Recently, Naim and Roth (Naim & Roth, 1993, J. Virol. 67:4831-4841) have extended their studies of the role of the cytoplasmic tail by expressing HA variants from recombinant SV40 viruses in influenza virus-infected cells. Although chimeric HAs with foreign cytoplasmic sequences were efficiently excluded from viral envelopes, HAs which lacked a cytoplasmic tail were incorporated into virions. Similarly, Simpson and Lamb (Simpson & Lamb, 1992, J. Virol. 66:790-803) showed that HA mutants lacking a cytoplasmic tail were incorporated into viral particles, but the particles were found to be non-infectious.

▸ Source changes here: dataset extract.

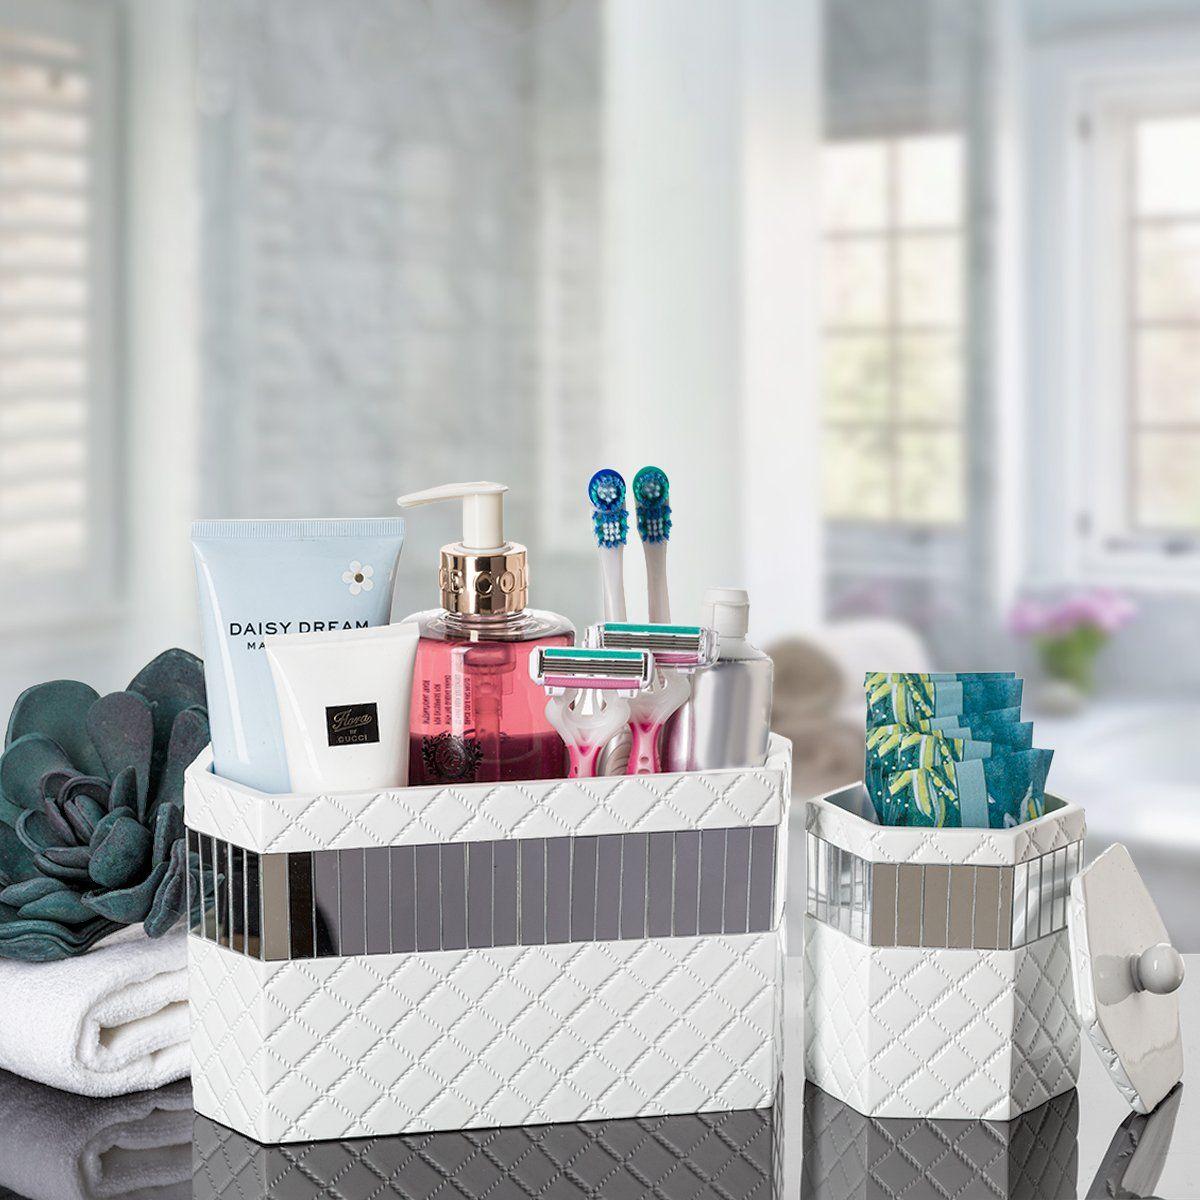 Makeup Brush Holder Quilted Mirror Bathroom Organizer Countertop Decorative Bathroom Hair Accessories Storage It Cosmetics Brushes Organize Bathroom Countertop

This would indicate that the conserved cytoplasmic sequences are not required for the incorporation of HA into virions but that the cytoplasmic tails of the HAs are necessary for the infectivity of the virus. However, data presented here using a different assay system indicate a role for these cysteine residues in the formation of infectious influenza virus.